Aussi, une hausse nulle ou légère des signalements de violences domestiques ne signifie pas que les cas de maltraitance n’ont pas augmenté. Nous devons être créatifs, comme les circonstances l’exigent.
Certains États membres mettent déjà en oeuvre des mesures tenant compte de la dimension hommes-femmes pour protéger les femmes et les enfants face à la violence. En Espagne, par exemple, les services de soutien et de protection pour les victimes de violences domestiques sont considérés comme des services essentiels, ce qui leur permet de continuer à fonctionner avec la même capacité pendant la crise. En Belgique, en France et en Espagne, des campagnes de sensibilisation ont été lancées pour faire connaître un mécanisme d’alerte permettant aux femmes de demander de l’aide dans les pharmacies.
De plus, en Belgique, des hôtels et des bâtiments publics vides ont été proposés comme solution de remplacement aux centres d’accueil et d’hébergement pour les victimes de violences. En outre, certaines polices locales ont, de manière proactive, contacté les femmes qui avaient déposé plainte pour violences domestiques. D’autres États membres intensifient leurs efforts.
Nous avons besoin de mesures tenant compte de la dimension hommes-femmes durant cette pandémie et par la suite pendant la phase de redressement, et appelons les États membres de l’UE à renforcer leur soutien aux lignes d’urgence nationales et aux services de conseil en ligne. Les États membres doivent veiller à ce que leurs autorités continuent de lutter contre les violences domestiques et mettent en place des fonds d’urgence directs pour les organisations qui fournissent un soutien aux victimes de violences, y compris pour les centres d’accueil et d’hébergement.
Les services de prévention et de soutien pour les victimes et les témoins de violences domestiques doivent être considérés comme une priorité et revêtir le caractère de services essentiels. Les États membres de l’UE doivent continuer à mettre en oeuvre les obligations qui leur incombent en vertu du droit de l’UE, notamment la directive sur les droits des victimes, et les droits et obligations qui découlent de la convention du Conseil de l’Europe sur la lutte contre la violence à l’égard des femmes et la violence domestique.
Nous continuerons d’agir pour mettre fin, dans toute l’Europe, aux violences à l’égard des femmes et des enfants. Nous ne laisserons pas le coronavirus nous ralentir.
Il est plus important que jamais de veiller à ce que l’égalité des sexes soit au coeur de nos travaux. Comme annoncé dans la stratégie en faveur de l’égalité entre les hommes et les femmes 2020-2025, la conclusion de l’adhésion de l’Union à la convention du Conseil de l’Europe reste une priorité.

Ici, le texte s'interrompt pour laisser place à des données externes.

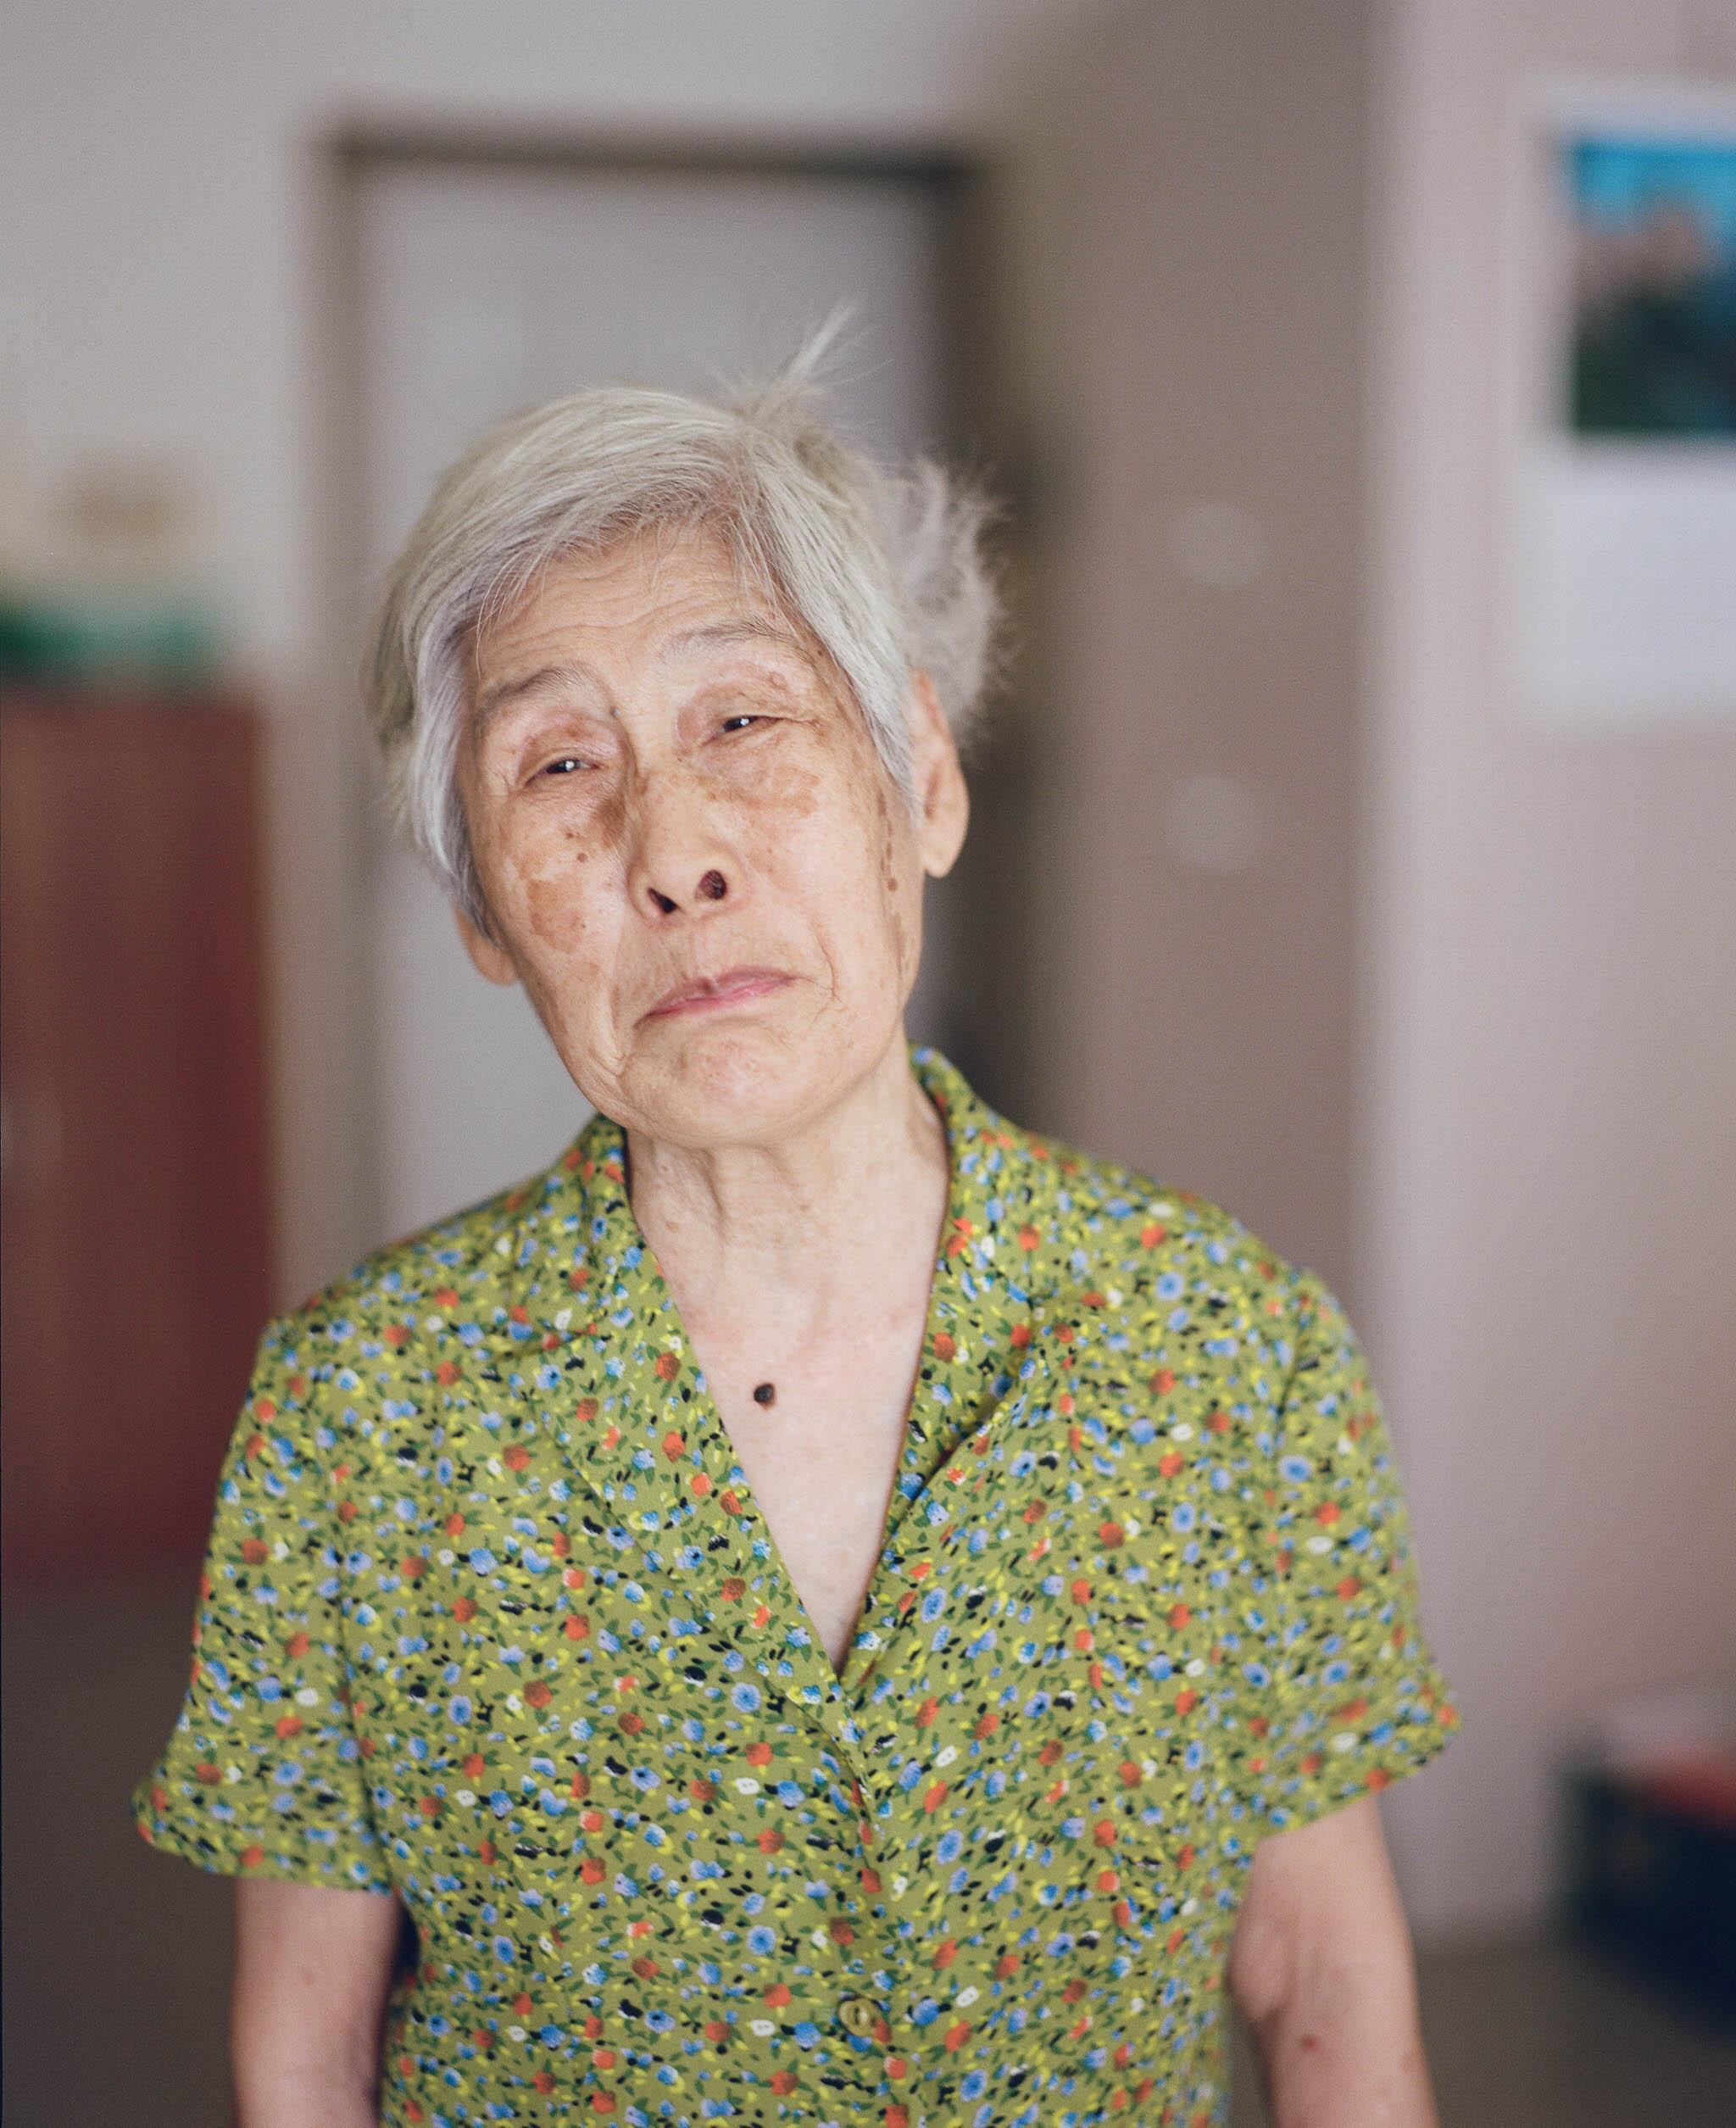 honda-wang-pentax-67-medium-format-film-camera-film-objektiv-100-words-9.jpg

Comme toujours, nous aidons les États membres à échanger leurs bonnes pratiques en matière de prévention des violences fondées sur le sexe et des violences domestiques, et nous finançons des organisations dans toute l’Europe pour réaliser des projets visant à lutter contre ce fléau, que ce soit au moyen de l’instrument européen de soutien temporaire à l’atténuation des risques de chômage en situation d’urgence (SURE), du Fonds social européen (FSE) ou des mécanismes et équipements proposés par la Commission européenne.

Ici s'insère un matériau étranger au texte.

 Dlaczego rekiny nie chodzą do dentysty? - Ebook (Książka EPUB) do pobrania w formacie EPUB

Cette pandémie est un test pour l’humanité. Nous devons faire preuve de solidarité les uns envers les autres. Je lance un appel: si vous soupçonnez que quelqu’un est menacé ou maltraité, que ce soit dans votre famille immédiate, dans votre famille étendue, dans votre voisinage ou peut-être dans votre cercle d’amis, contactez la police ou la ligne d’urgence de votre région.

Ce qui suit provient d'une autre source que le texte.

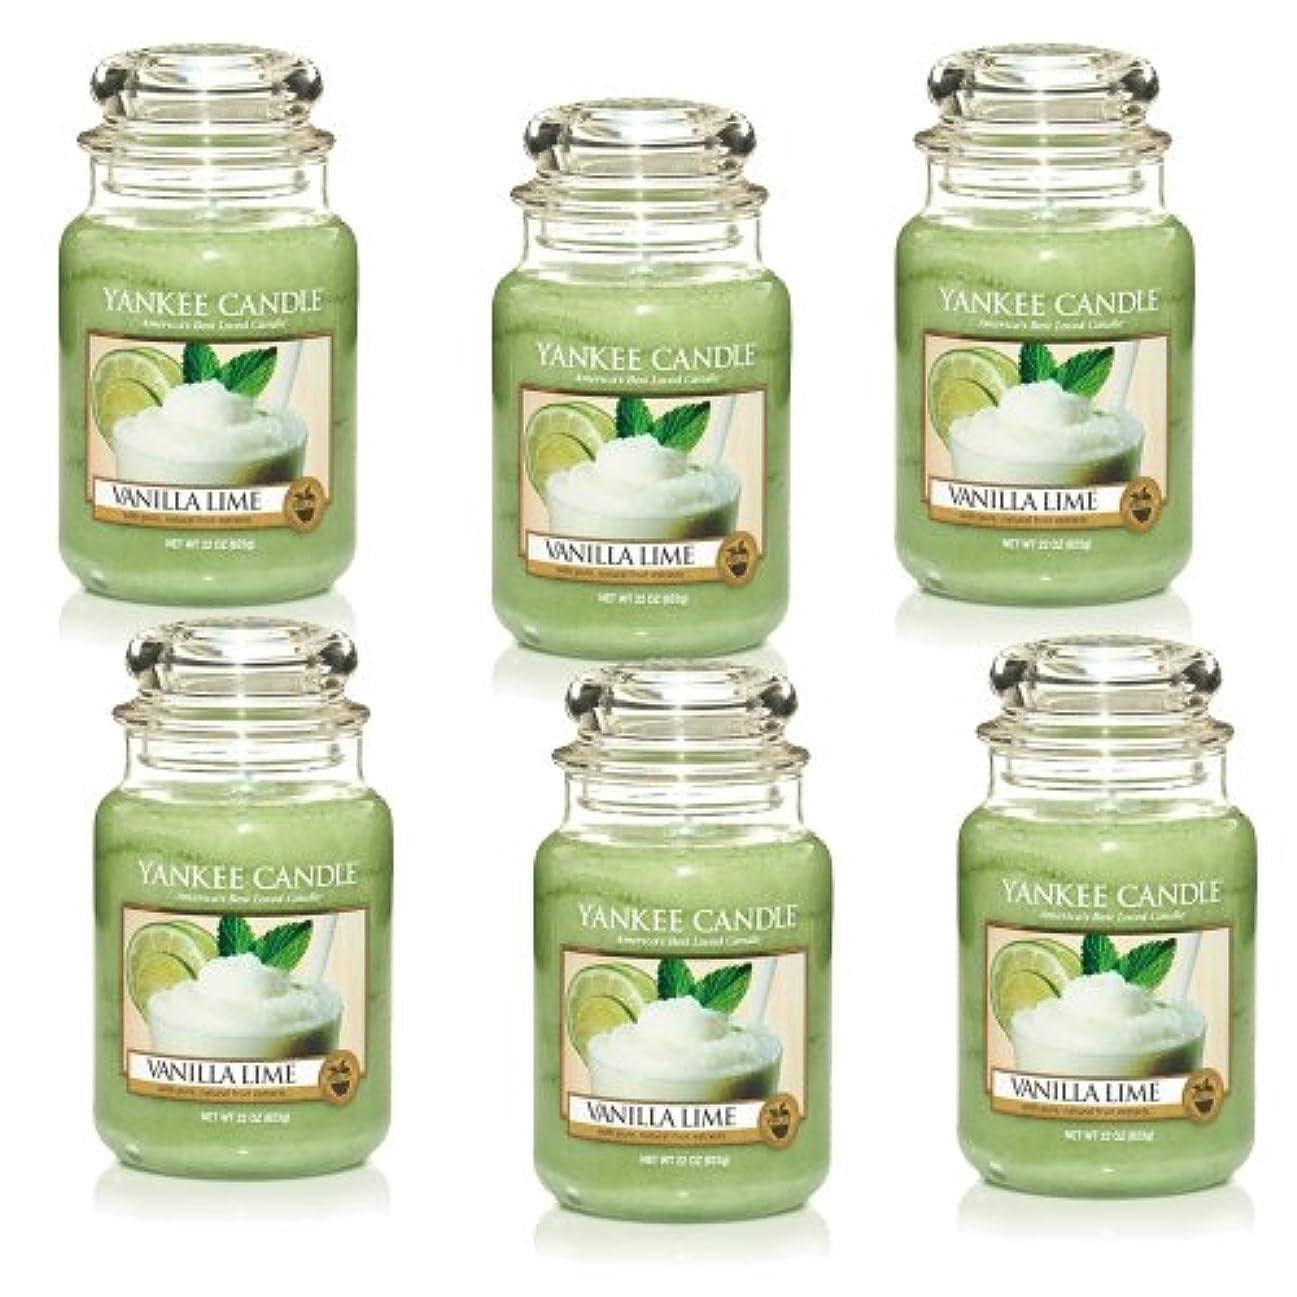 ポンペイ薬用知覚するYankee CandleバニラライムLarge Jar 22oz Candle Set of 6 1106730X6
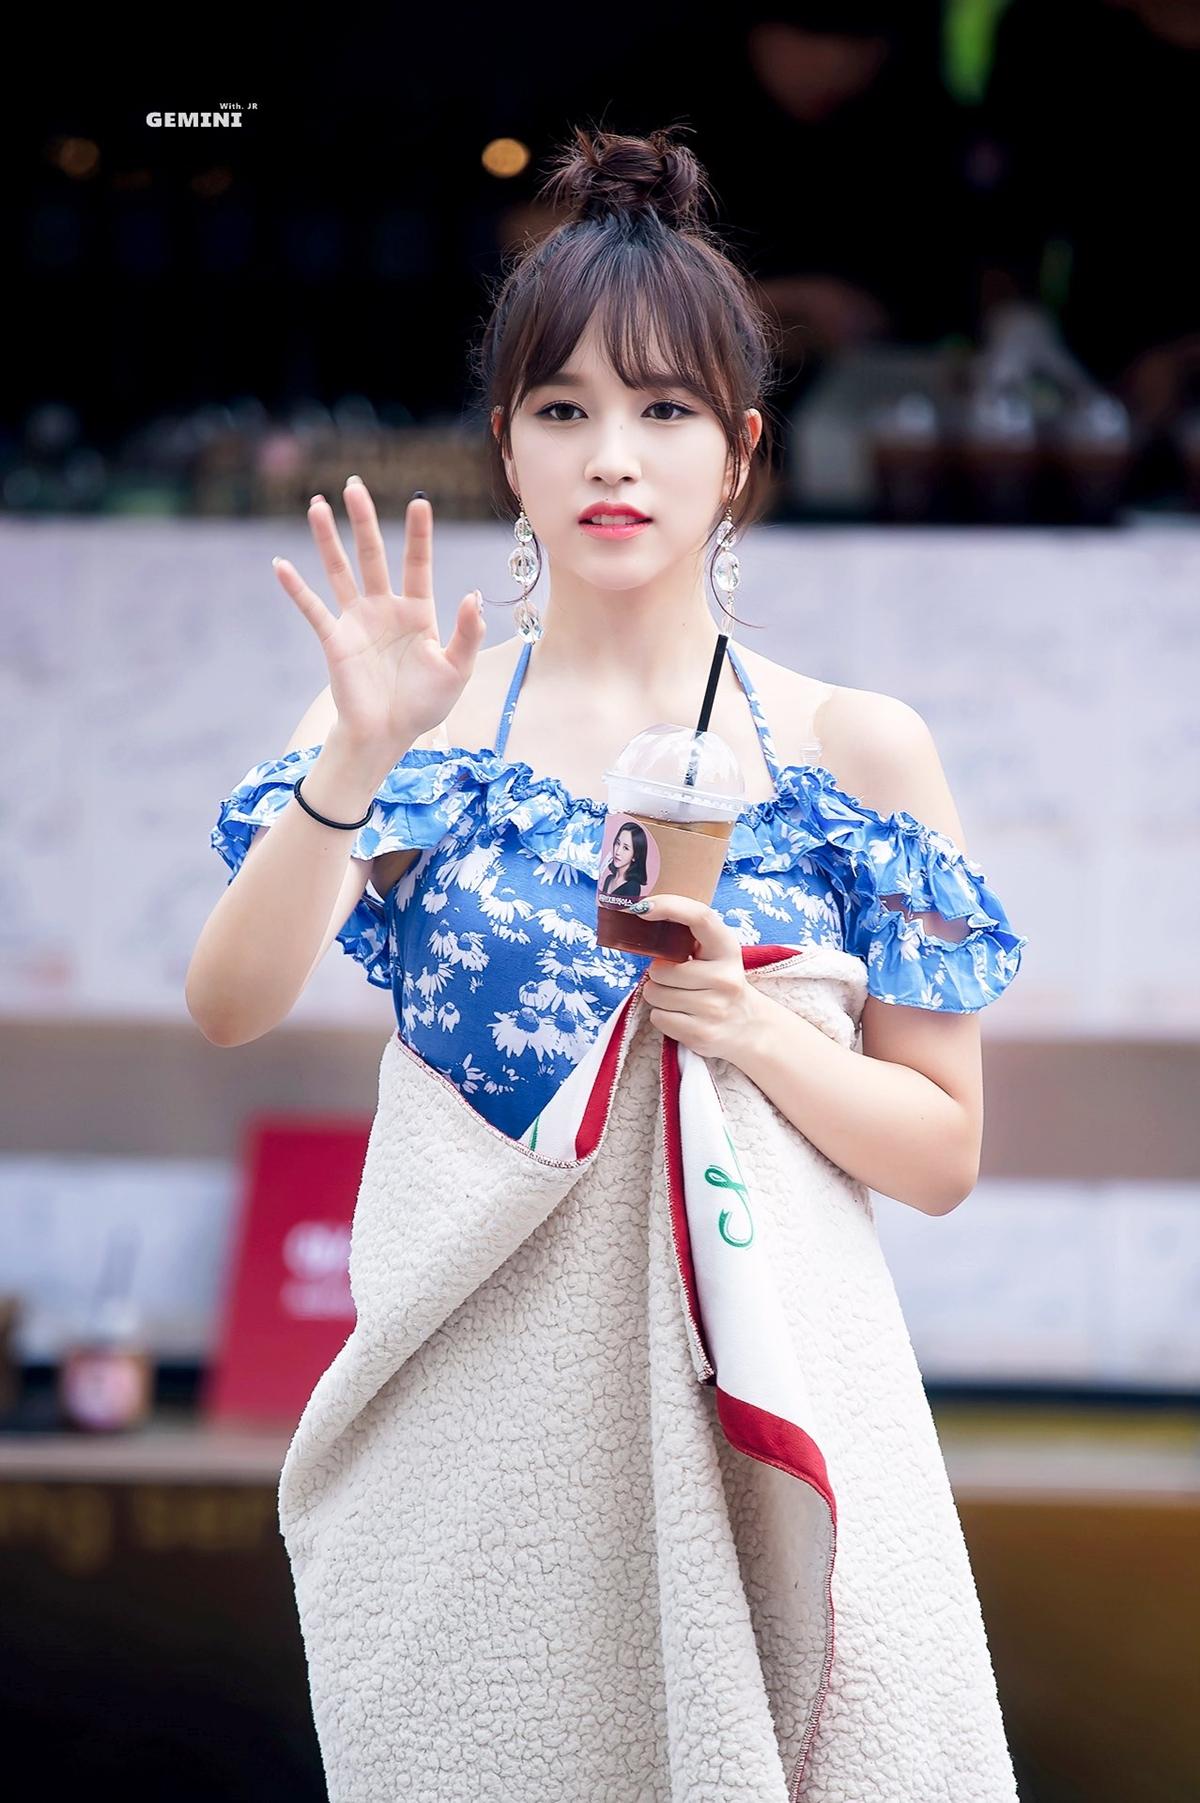 Những bức ảnh chất lượng cao huyền thoại của Mina (Twice) - 12

Nous devons travailler ensemble pour apporter à la crise du coronavirus une réponse qui permette de protéger les femmes et les enfants et de faire en sorte qu’ils ne supportent pas un risque disproportionné dans le contexte de cette pandémie. Nous devons redoubler d’efforts pour apporter une réponse tenant compte de l’équilibre hommes-femmes et oeuvrer à l’éradication de la violence à l’égard des femmes et des enfants.